Class 3 consists of outcomes in which no potentially diagnostic variant was identified by reanalysis. Possible factors contributing to this result include disease-causing variants with allele balance <20%, which are prone to misclassification as false-negative due to sequencing and mapping errors from CES [28]. These variants are often missed in cases of somatic mosaicism (e.g., GNAQ in Sturge–Weber syndrome: allele balance = 1–18%) [29]. Trinucleotide repeat diseases such as Fragile X syndrome, Huntington’s disease, and myotonic dystrophy are also frequently missed by CES [30]. Additional target testing can be used to improve the detection rate of trinucleotide repeat diseases [31] and low-allele balance variants, as has been demonstrated in cases of mosaicism [32]. Negative outcomes may also result from variants that lie in non-coding regions, unmappable reads arising from repeated regions, or structural variants that CES cannot detect. In these cases, WGS and long read sequencing can be applied to improve the detection rate, as these methods allow additional detection of both structural and non-exonic variants, and insertion of mobile elements such as transposons [33].

RNA-sequencing and mitochondrial genome sequencing can aid in the diagnosis when CES fails. By detecting both coding and non-coding variants at gene expression levels and alternative splicing, transcriptome sequencing holds considerable diagnostic potential for rare disorders [34]. Further, although CES data are increasingly being employed for CNV analysis, technical limitations due to inherent heterogeneity in exome capture may result in false negatives [35]. In such cases, CNV analysis techniques such as microarray-based CNV profiling or reanalyzing data from WGS for CNVs can be employed [36].

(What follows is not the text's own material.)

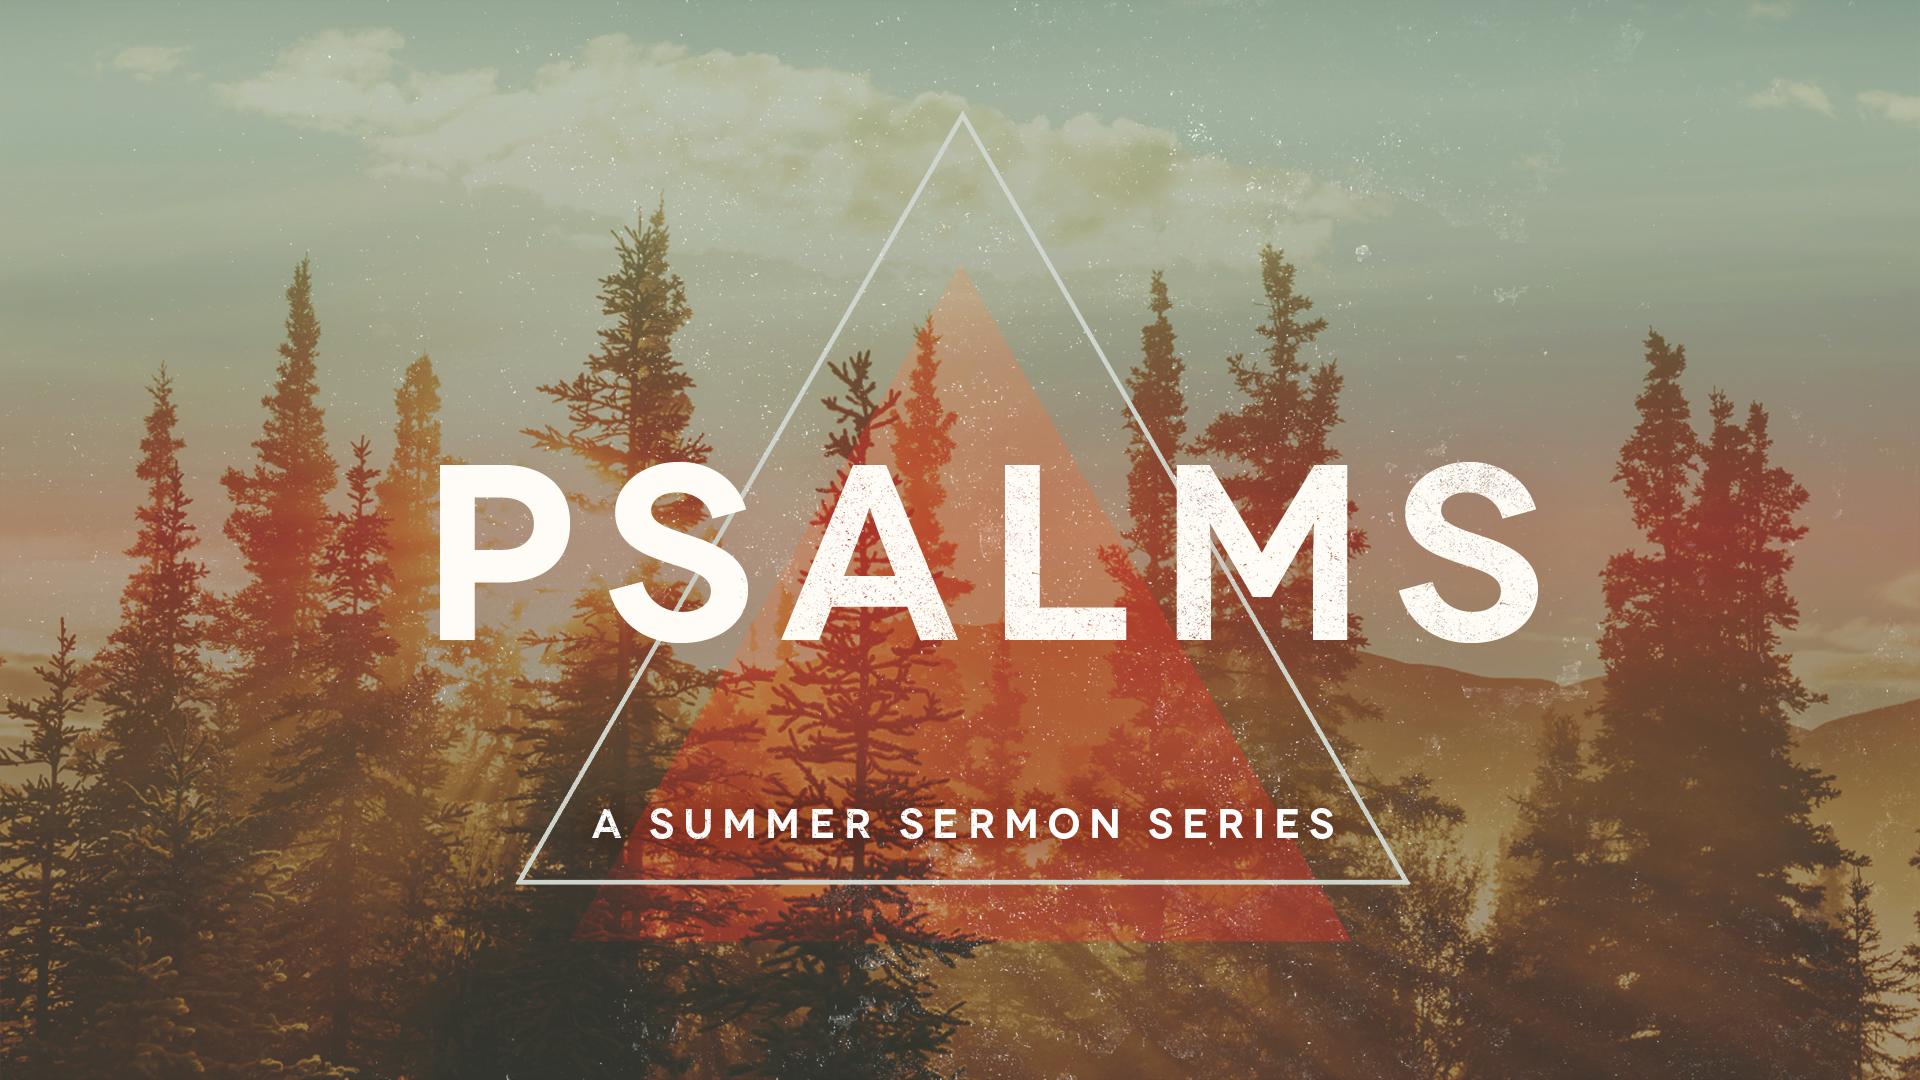 Psalm Campaign Artwork

In conclusion, we report our cumulative experience from reanalysis of a CES cohort enrolled in our institution using a custom-built comprehensive variant detection and analysis pipeline in conjunction with updated phenotypic information, literature, and databases in collaboration with an interdisciplinary team. These advances allowed us to reach a confirmed or potential diagnosis for up to a third of previously negative CES cases, demonstrating a meaningful improvement in diagnostic yield. We also compare our findings with other studies, review literature, and propose an overall strategy for reanalyzing negative exome data that will standardize the analytical process and provide appropriate medical care for patients with no diagnosis by CES.